#### THE RECORDS ####
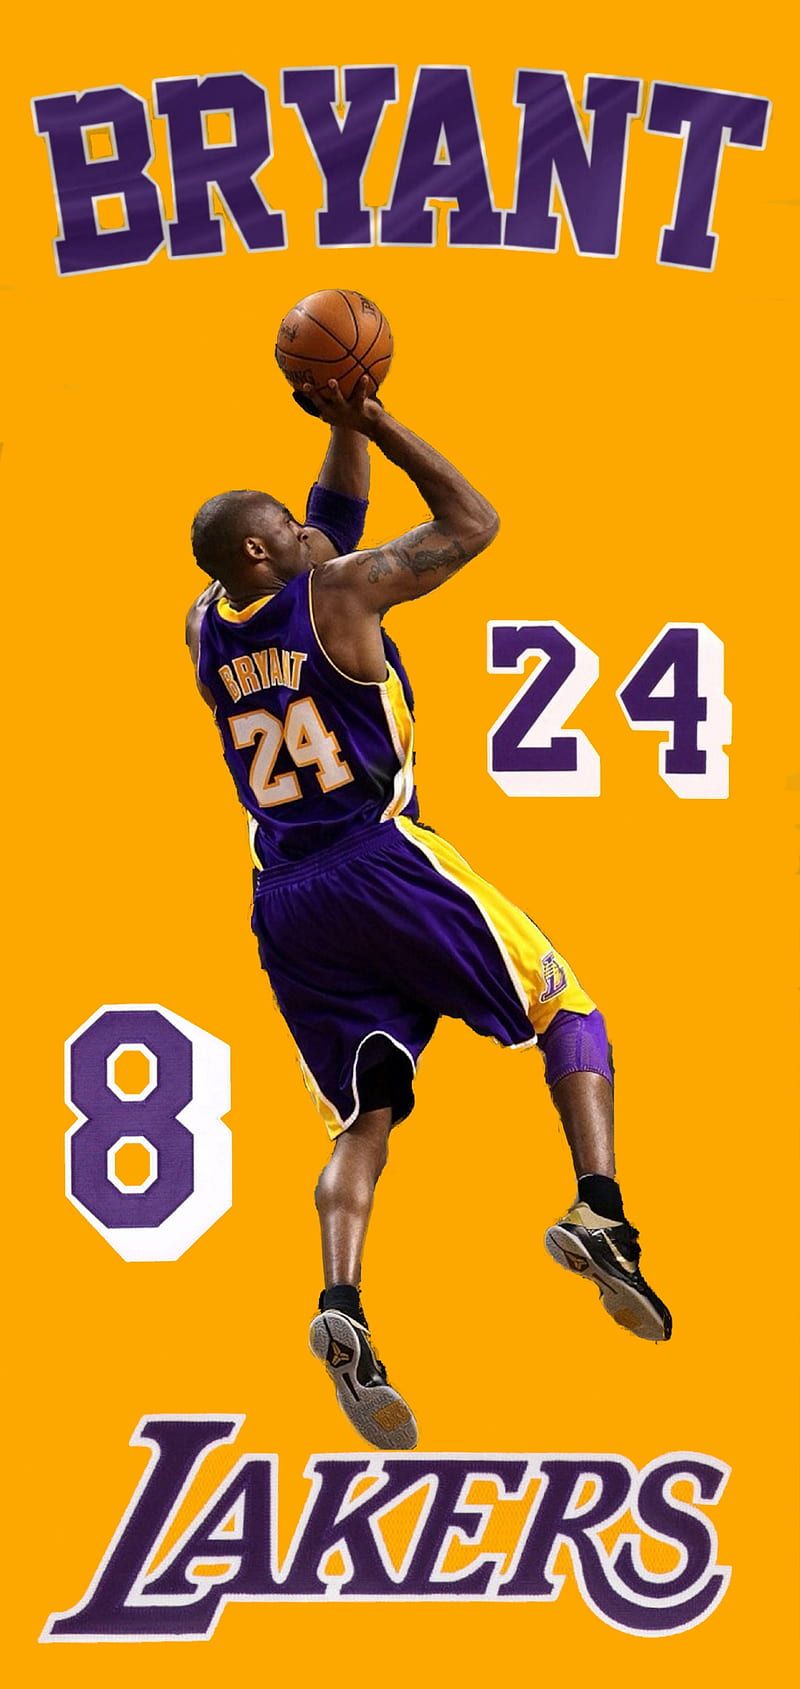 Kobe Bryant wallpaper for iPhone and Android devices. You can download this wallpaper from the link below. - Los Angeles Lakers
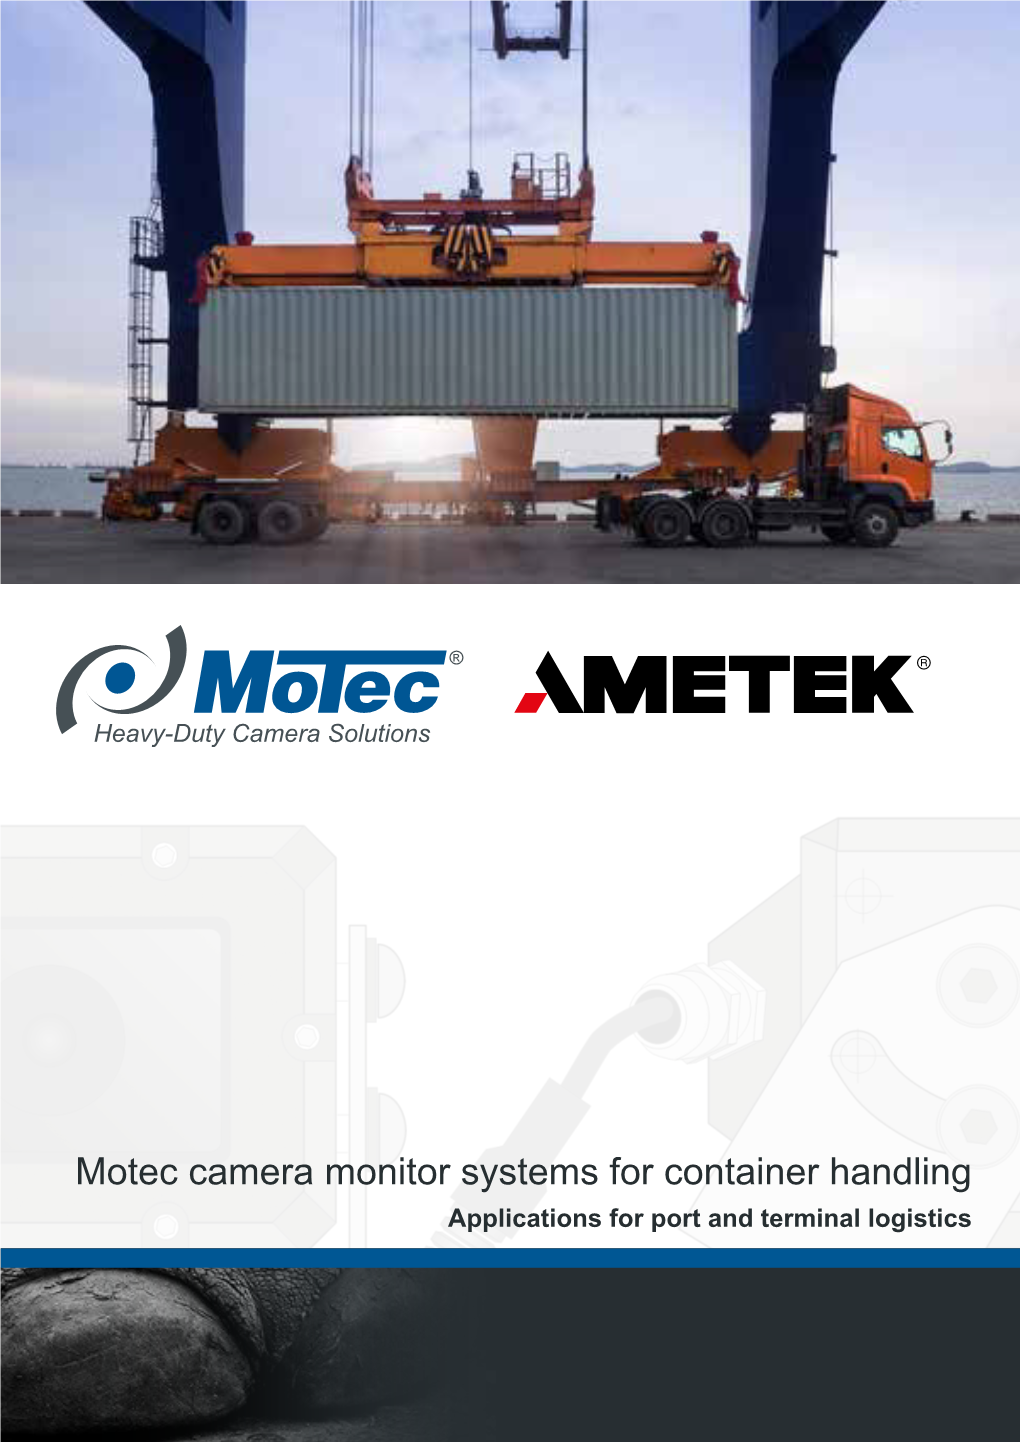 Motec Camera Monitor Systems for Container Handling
####
#### THE RECORDS ####
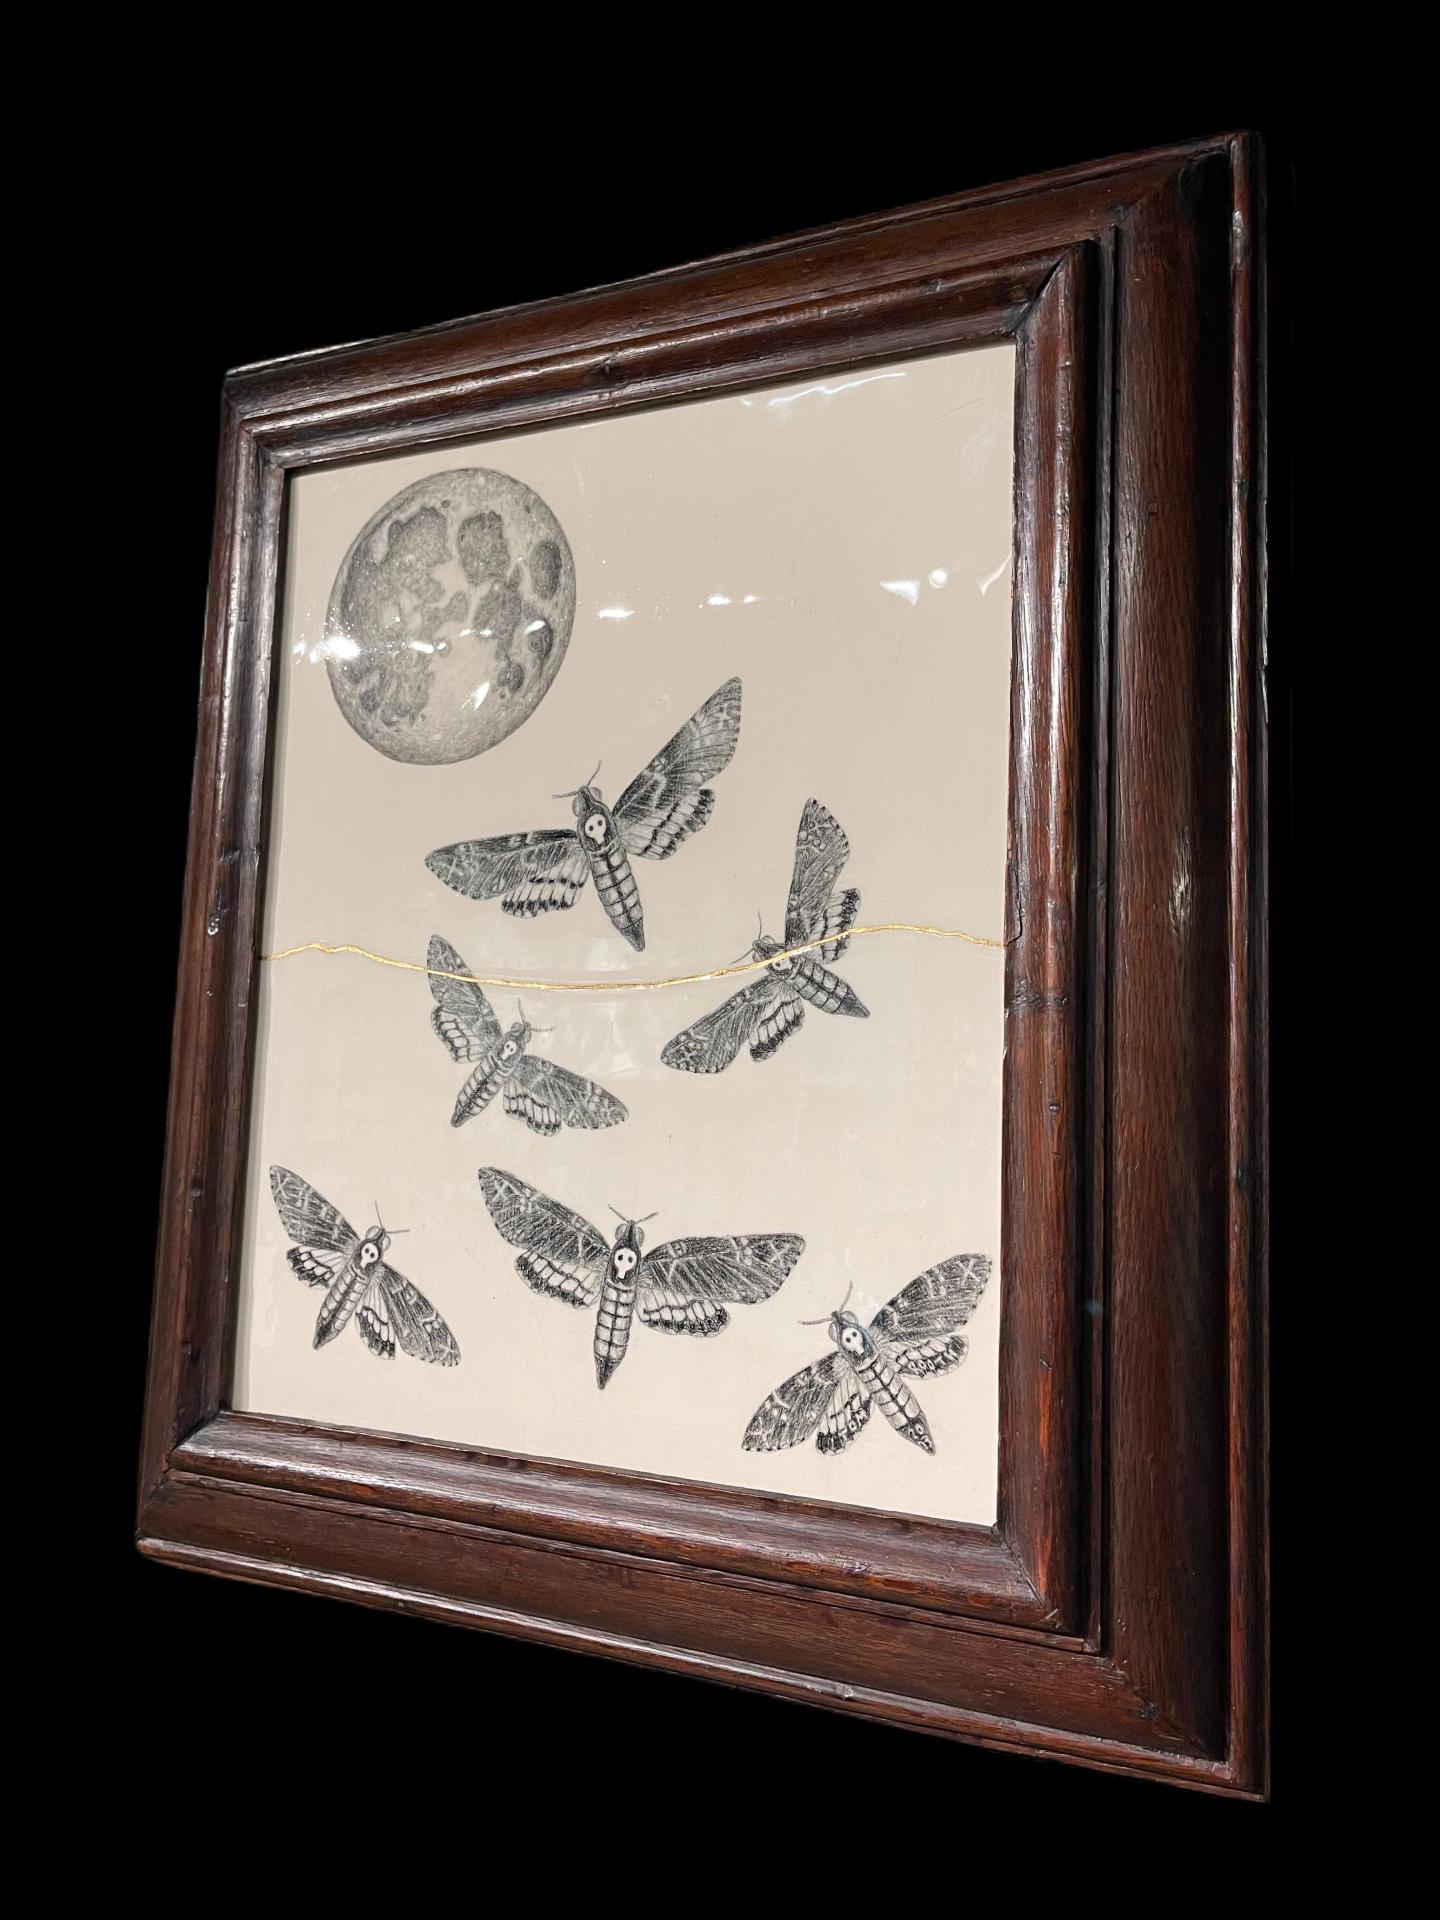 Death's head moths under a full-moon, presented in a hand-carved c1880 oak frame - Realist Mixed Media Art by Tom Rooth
####
EXERCISE AIM
Among the entries above, take the line with "Kobe Bryant wallpaper", the line with "Motec Camera Monitor", and all the lines between them, and restate them word for word without pictures.

EXERCISE SOLUTION
 Kobe Bryant wallpaper for iPhone and Android devices. You can download this wallpaper from the link below. - Los Angeles Lakers
 Motec Camera Monitor Systems for Container Handling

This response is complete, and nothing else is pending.